Il ne sert à rien de faire des hypothèses pour deviner qui va gagner la course de vitesse engagée entre l’État, en voie d’une « refondation » hypothétique et les bandes armées. D’autant que cette course, si elle finit, finira en compromis. La police saura faire la part des choses et laisser le contrôle des quartiers populaires aux bandes de voyous. Même si l’État parvient à rétablir la sécurité, il ne la rétablira pas pour les classes populaires. La dictature de Duvalier préservait l’ordre, mais certainement pas la sécurité des classes populaires. L’arbitraire des macoutes n’était certainement pas meilleur que l’arbitraire des voyous.

Ne demande pas pour qui sonne le glas, il sonne toujours pour toi.

La seule question qui vaille pour la classe des prolétaires est celle de savoir si, en ayant assez de se retrouver entre deux feux comme elle s’est retrouvée récemment à Cité Soleil lors de l’incursion de la Minustah, elle prend le mors aux dents et décide de s’organiser elle-même. Et de s’organiser, en tant que prolétaires, autour de la défense de ses propres intérêts.

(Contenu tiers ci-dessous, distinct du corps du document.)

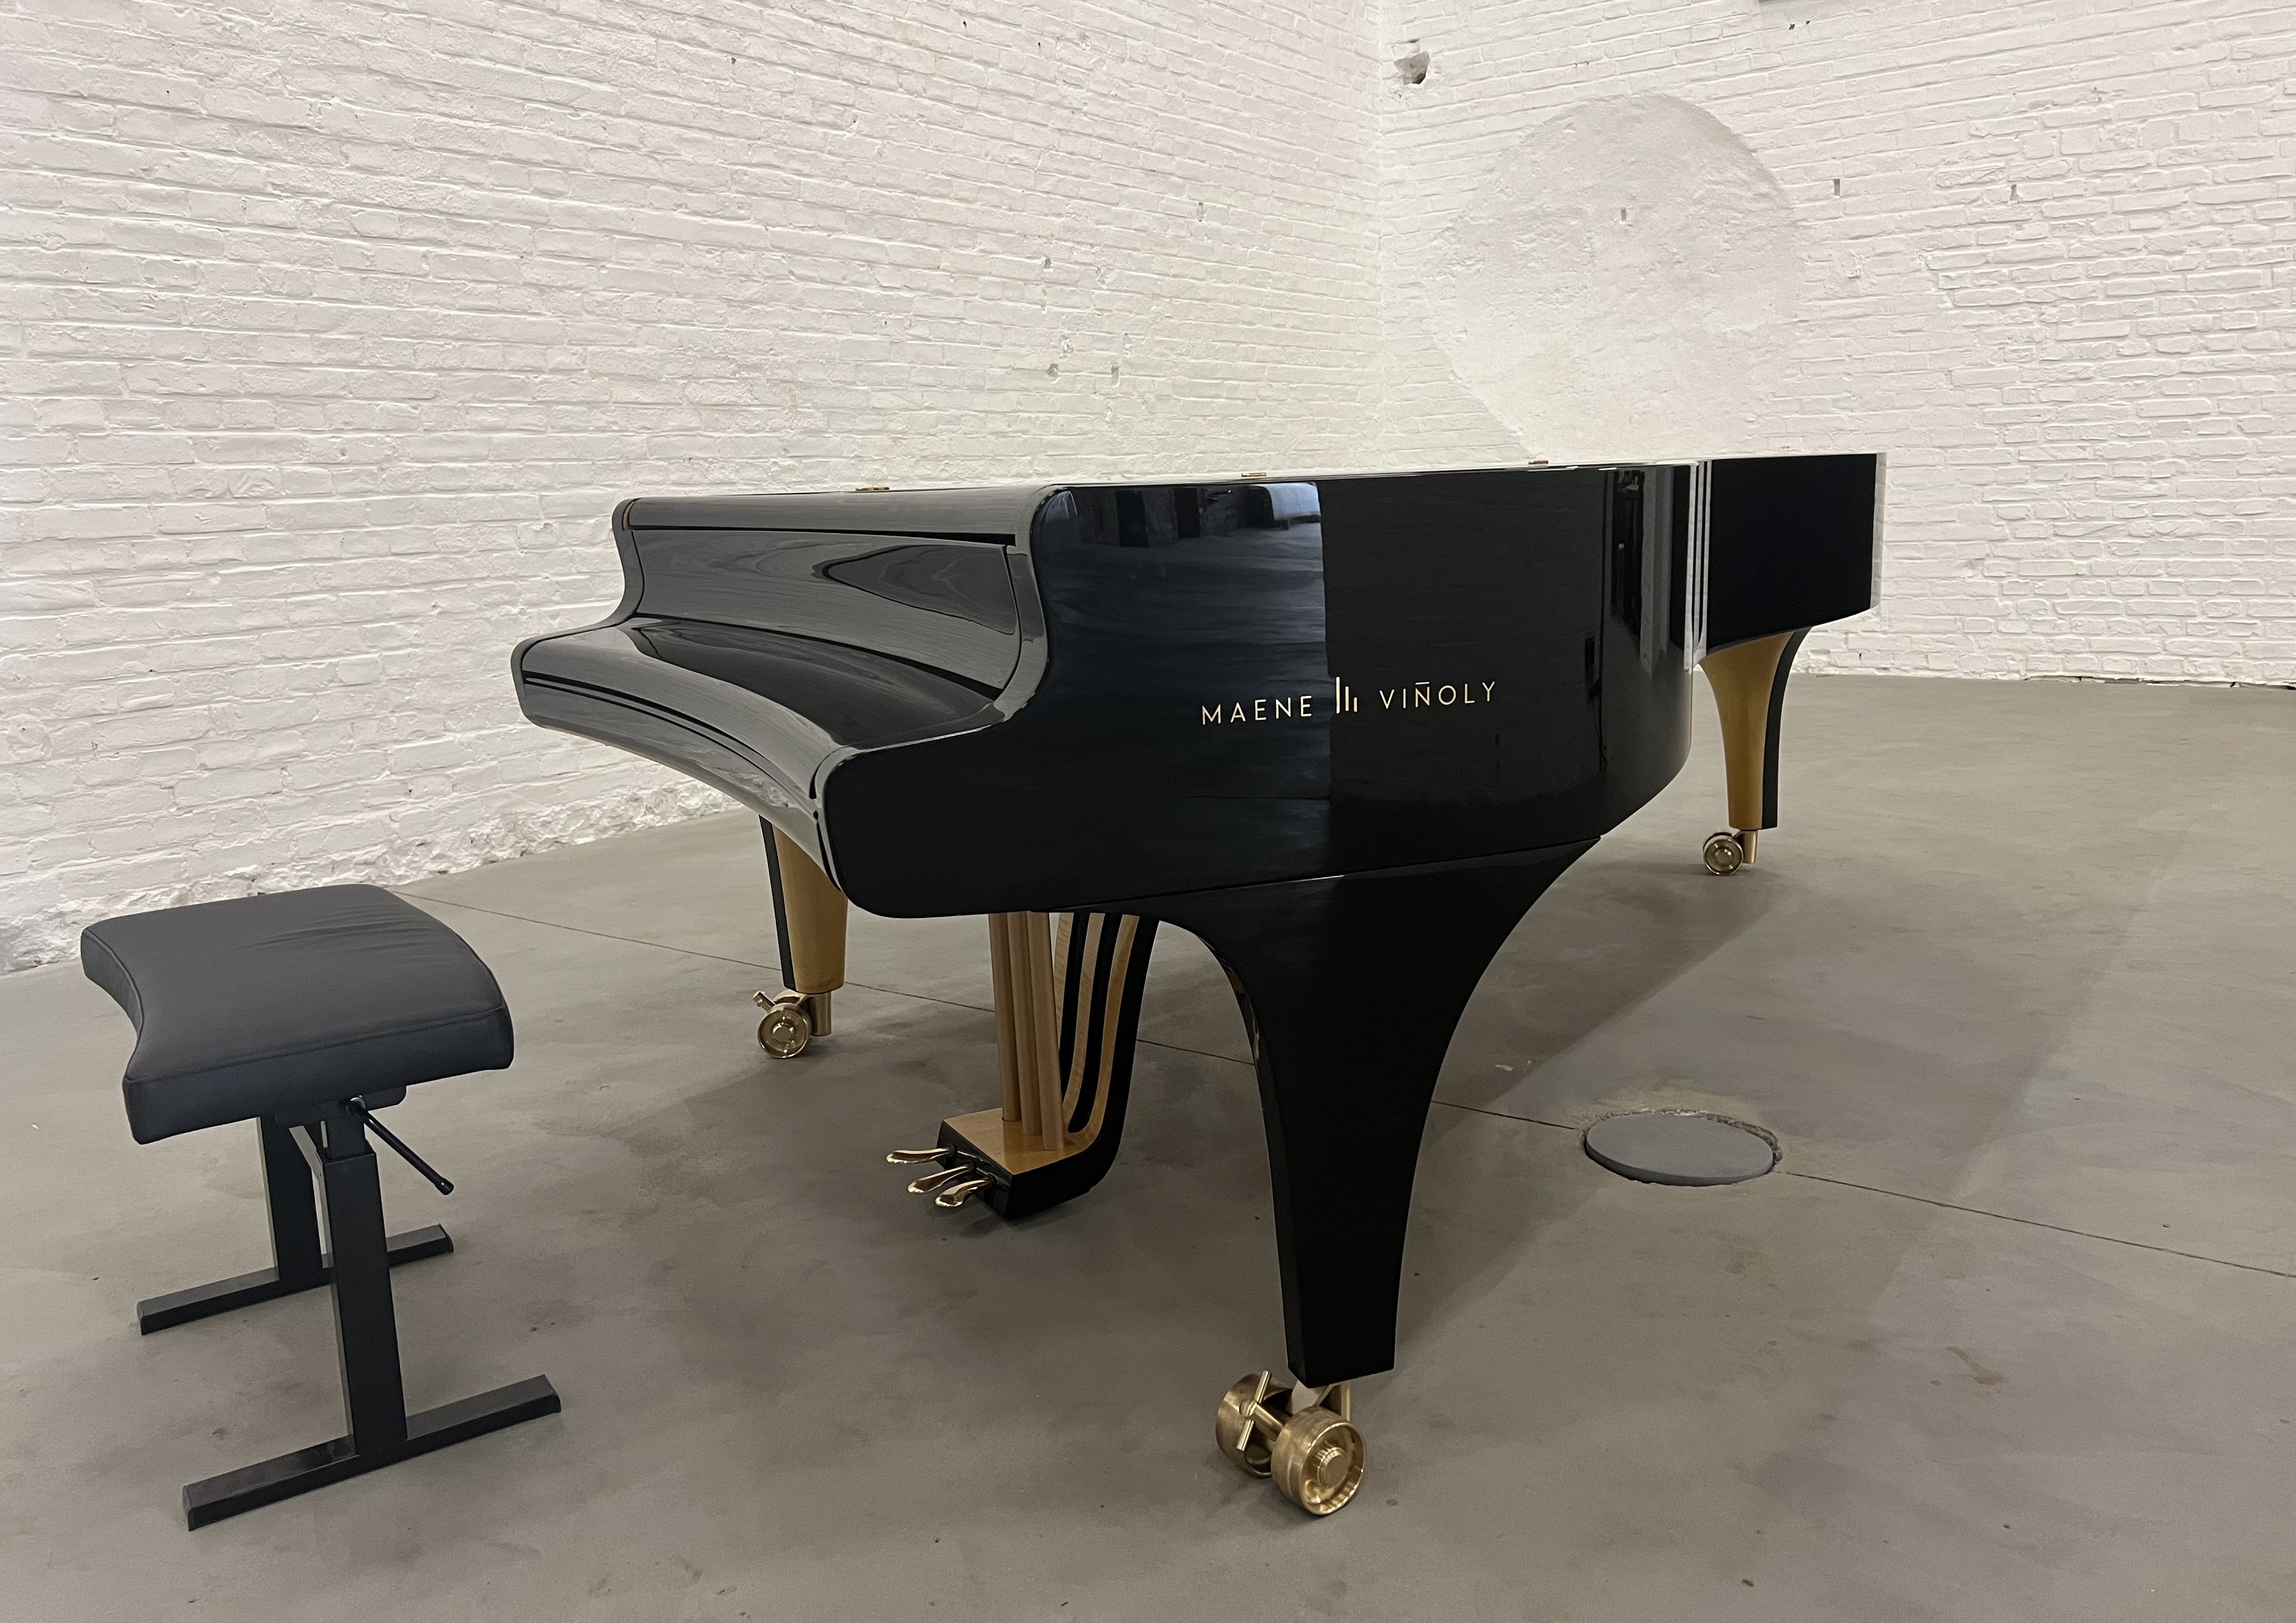 A piano designed for middle-aged spread

La principale faiblesse des travailleurs, des chômeurs, des djobeurs qui peuplent les quartiers populaires que se disputent la police et les voyous armés ne réside pas dans leur nombre : ils sont bien plus nombreux que les gangs, chimères ou non. Leur principale faiblesse, c’est l’absence d’organisation. Mais cette faiblesse est surmontable. La seule zone industrielle, même avec ses effectifs réduits à dix mille travailleurs, pourrait devenir une forteresse. Cité Soleil, Bel Air ou Cité Militaire pourraient y trouver des éléments d’organisation. C’est possible et surtout, c’est une nécessité vitale. Mais cela nécessite un programme, une politique, qui aient pour fondement les intérêts vitaux de la majorité laborieuse de la population.

La décrépitude de l’État est une des manifestations de la faillite de la bourgeoisie et de son ordre social. La classe possédante qui vit en parasite sur les classes populaires, paysans comme ouvriers, et qui a vidé la société haïtienne de son sang, a conduit le pays à la ruine. Il n’y a pas de solution même au problème de la sécurité sans mettre en cause l’ordre social actuel. Quel que soit le point de départ - la révolte contre l’insécurité et la volonté de s’organiser pour se défendre pourraient en devenir un -, le prolétariat devra se débarrasser d’autres parasites que ceux qui le rançonnent à Cité Soleil ou ailleurs. Ceux, en premier lieu, qui, dans les usines de la zone industrielle, se permettent de payer des salaires dont le pouvoir d’achat ne représente que le tiers des salaires du temps de Duvalier. Cette classe privilégiée qui pille le pays et qui exploite la majorité de ses habitants et qui ne veut même pas consacrer le fruit de ses rapines à investir sur place.

Si les classes exploitées ne veulent pas être réduites à la seule alternative : mourir sous les balles des bandes armées officielles et privées ou mourir de misère, il leur faudra prendre en main la direction de la société. Il n’y a pas de moyen terme.